From: huang jialin <[hidden email]>
To: Rick Oliver/Chicago/IBM@IBMUS
Cc: [hidden email]
Date: 01/24/2012 01:52 PM
Subject: Re: sampling with fixed mean and SD

Rick,

Thanks for your response. Actually, it would be nice to have the exact mean and sd as listed. I am concerned that random sampling may not be able to pull out the lower distribution cases.

Thanks.

Sincerely,
Jialin Huang

On Tue, Jan 24, 2012 at 1:45 PM, Rick Oliver <oliverr@...> wrote:
SAMPLE 300 FROM 1000.

Depending on your definition of "around", the mean and standard deviation will probably meet your requirement.

Rick Oliver
Senior Information Developer
IBM Business Analytics (SPSS)
E-mail: oliverr@...
Phone: <a href=tel:312.893.4922 target=_blank>312.893.4922 | T/L: 206-4922

From: huang jialin <huangpsych@...>
To: [hidden email]
Date: 01/24/2012 01:30 PM
Subject: Re: sampling with fixed mean and SD
Sent by: "SPSSX(r) Discussion" <[hidden email]>

From data editor:

File > New > Syntax

. . to open a new syntax file. Write the command, but make sure you put a full stop (period) at the end of it, then press the green triangle etc.

Email: johnfhall@...

Website: www.surveyresearch.weebly.com

Skype: surveyresearcher1

Phone: <a href=tel:%28%2B33%29%20%280%29%202.33.45.91.47 target=_blank>(+33) (0) 2.33.45.91.47

From: John F Hall [mailto:johnfhall@...]
Sent: 24 January 2012 18:43
To: 'huang jialin'; '[hidden email]'
Subject: RE: sampling with fixed mean and SD

You can sample in SPSS with:

sample <n> from <N>

where n is the sample size you want and N is the number of cases in the data set, or you can use:

sample

where p is the proportion you want to sample expressed as a decimal.

John Hall

Email: johnfhall@...

Website: www.surveyresearch.weebly.com

Skype: surveyresearcher1

Phone: <a href=tel:%28%2B33%29%20%280%29%202.33.45.91.47 target=_blank>(+33) (0) 2.33.45.91.47

From: SPSSX(r) Discussion [mailto:[hidden email]] On Behalf Of huang jialin
Sent: 24 January 2012 17:46
To: [hidden email]
Subject: sampling with fixed mean and SD

Hi,

I am planning to sample cases from a known dataset with fixed mean and SD. The sample size is from 300-500. The replacement is not allowed. Can I do it in SPSS? If so, how can I do it?
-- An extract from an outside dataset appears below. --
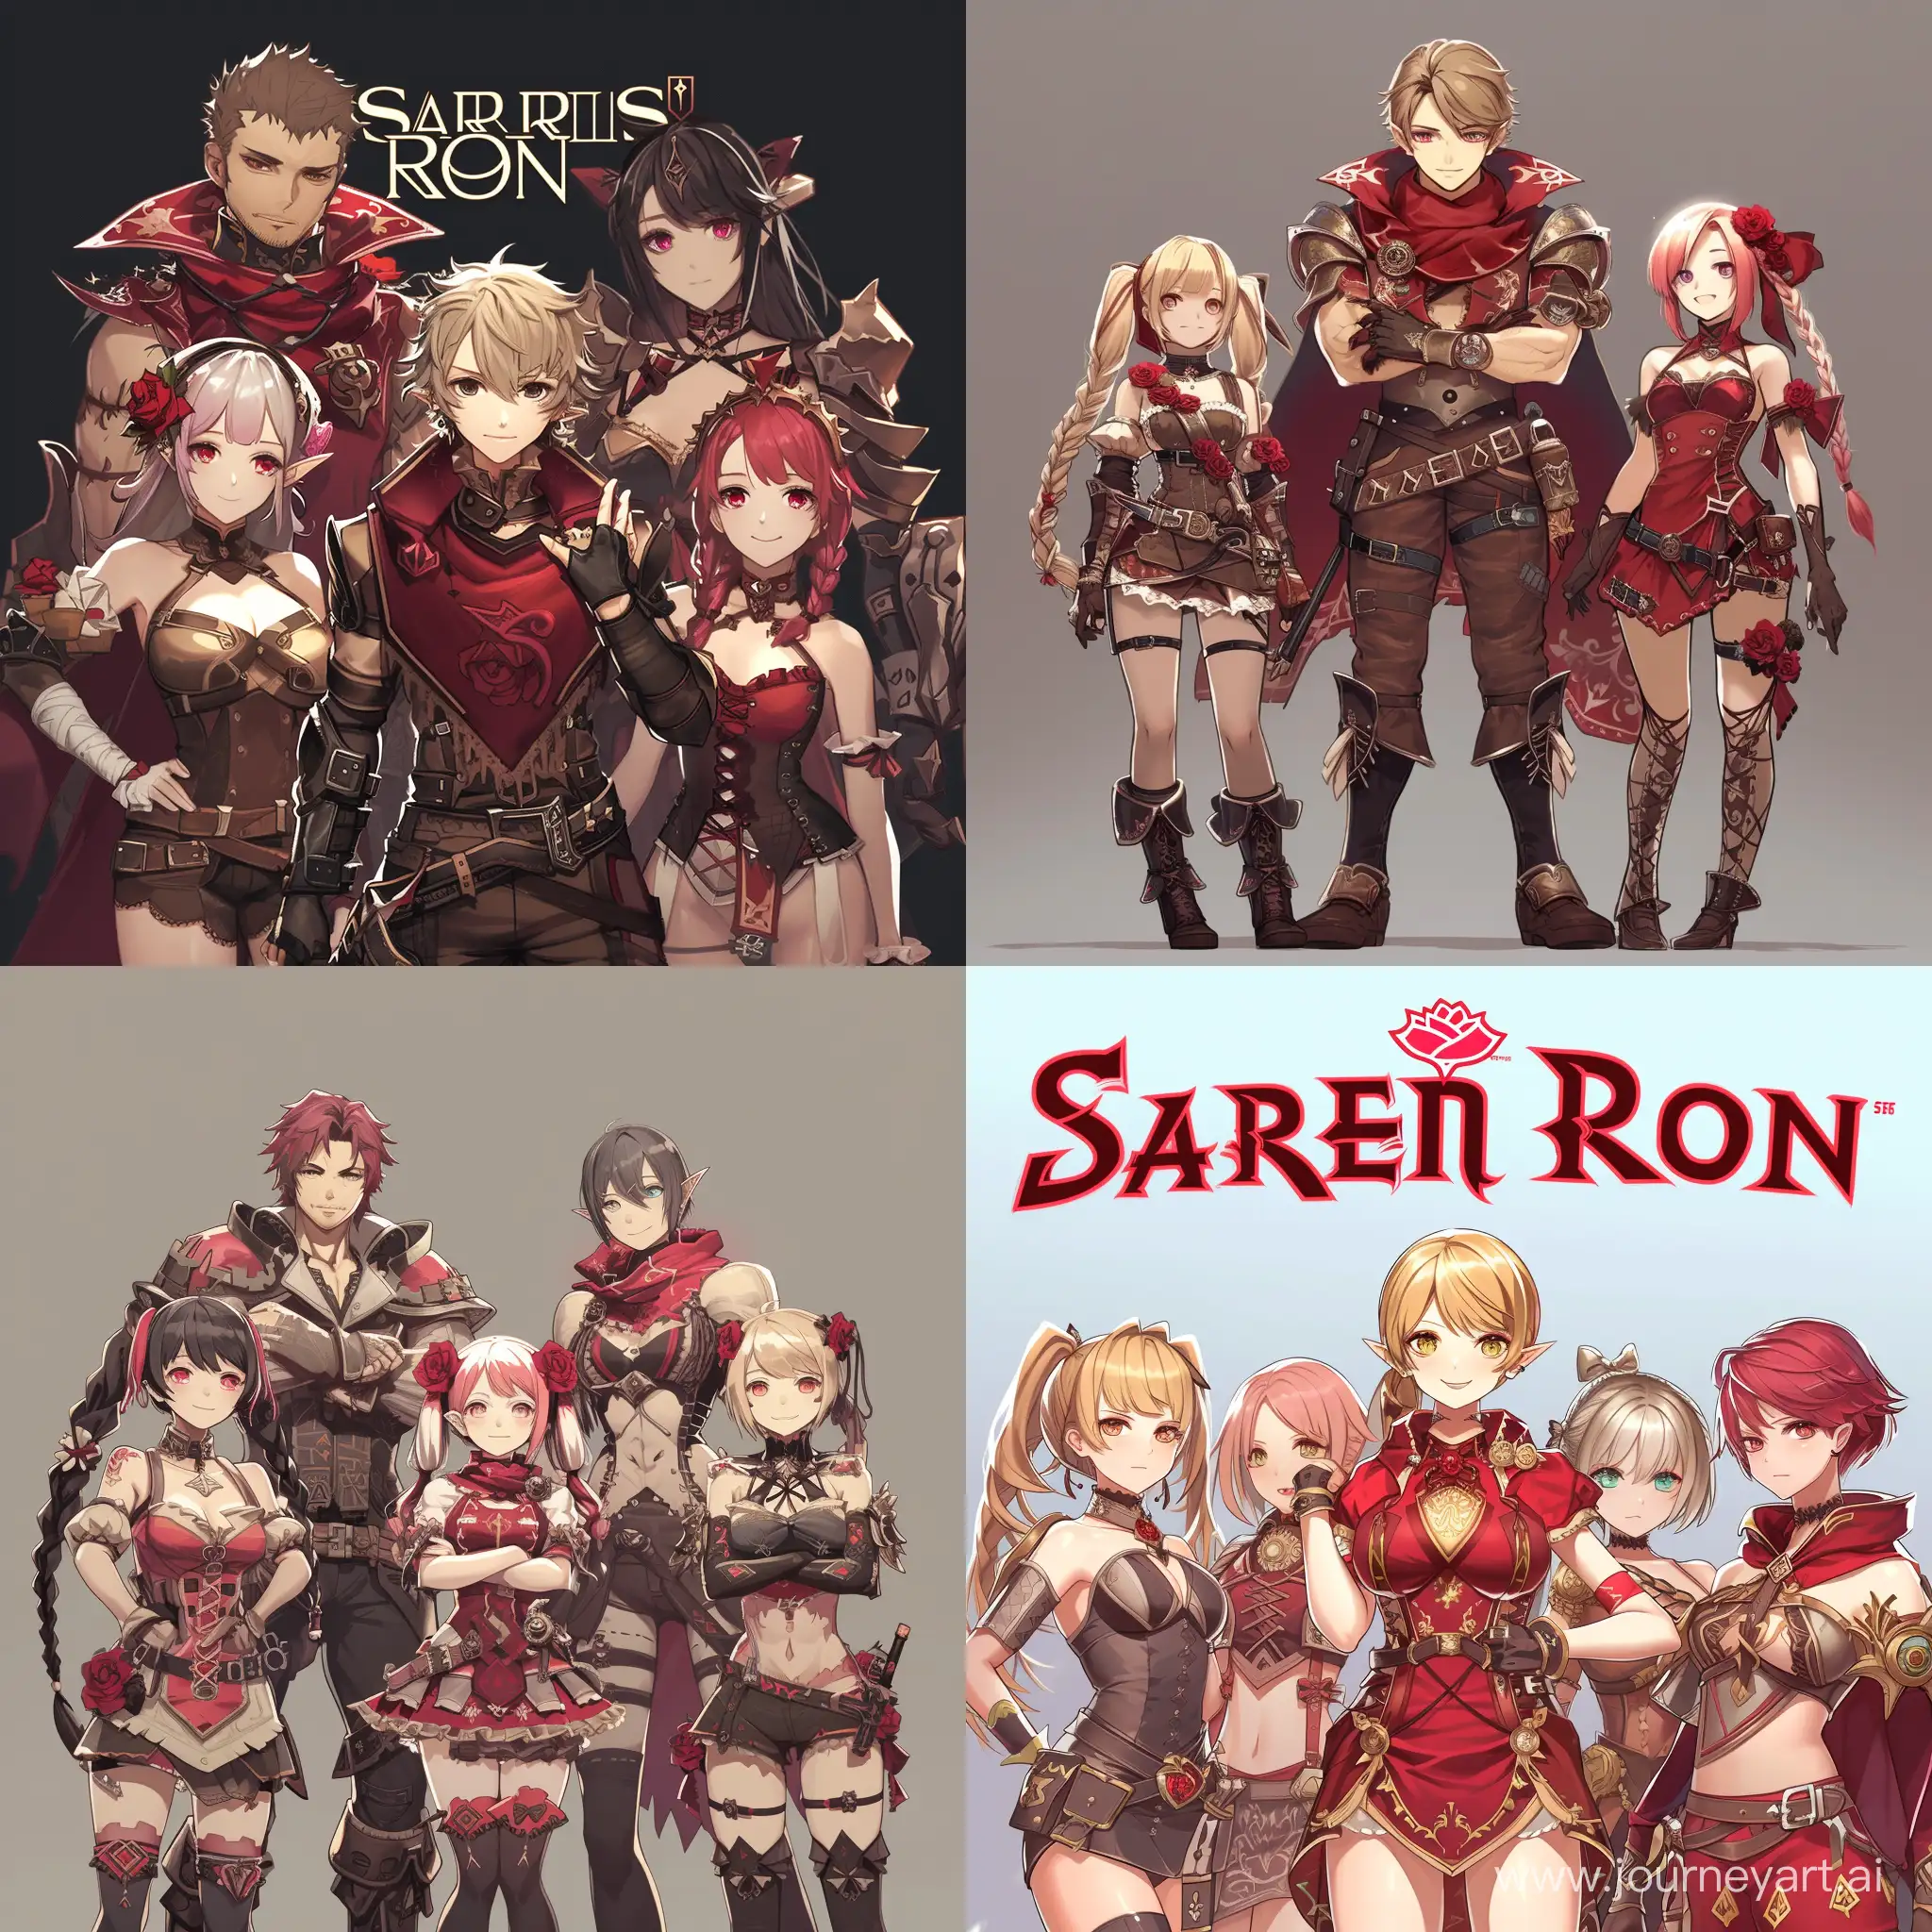 Vibrant-Portrait-of-the-Scarlet-Rose-Guilds-Female-Members-with-Their-Male-Leaders

Thank you for your attention.

Sincerely,

Jialin Huang

Michael Kruger

Re: sampling with fixed mean and SD

In reply to this post by huang jialin

Huang,

You don't even have to use syntax! From the menu, 'Data, Select Cases,
Random Sample of Cases, Exactly (and then specify no. of cases you want
to select)...'

=====================
To manage your subscription to SPSSX-L, send a message to
[hidden email] (not to SPSSX-L), with no body text except the
command. To leave the list, send the command
SIGNOFF SPSSX-L
For a list of commands to manage subscriptions, send the command
INFO REFCARD

Maguin, Eugene

Re: sampling with fixed mean and SD

In reply to this post by huang jialin

Ok, that’s what I figured you had in mind. There might be some sort of optimal solution to your question but I don’t know what it is; perhaps, others do. In lieu of that optimal solution, this is my first round suggestion. I’ll assume your dataset of 1000 records of a variable y, with mean=17, sd=5.1.

Compute ydev=abs(y-15).

Compute rannum=uniform(1).

Sort cases by rannum.

Select if ($casenum le 300).

Descriptives y.

This will give you a sample of 300 cases randomly selected without replacement. I think the mean will be near 15. The standard deviation will not be near 5.7, probably near 5.1. And the distribution probably will be skewed, if it is not already. As an experiment, you could also compute the squared deviation (ydev**2), randomly order it and select 300 cases from that. I think the result will be similar, i.e., mean near 15 and sd near 17 but skewed.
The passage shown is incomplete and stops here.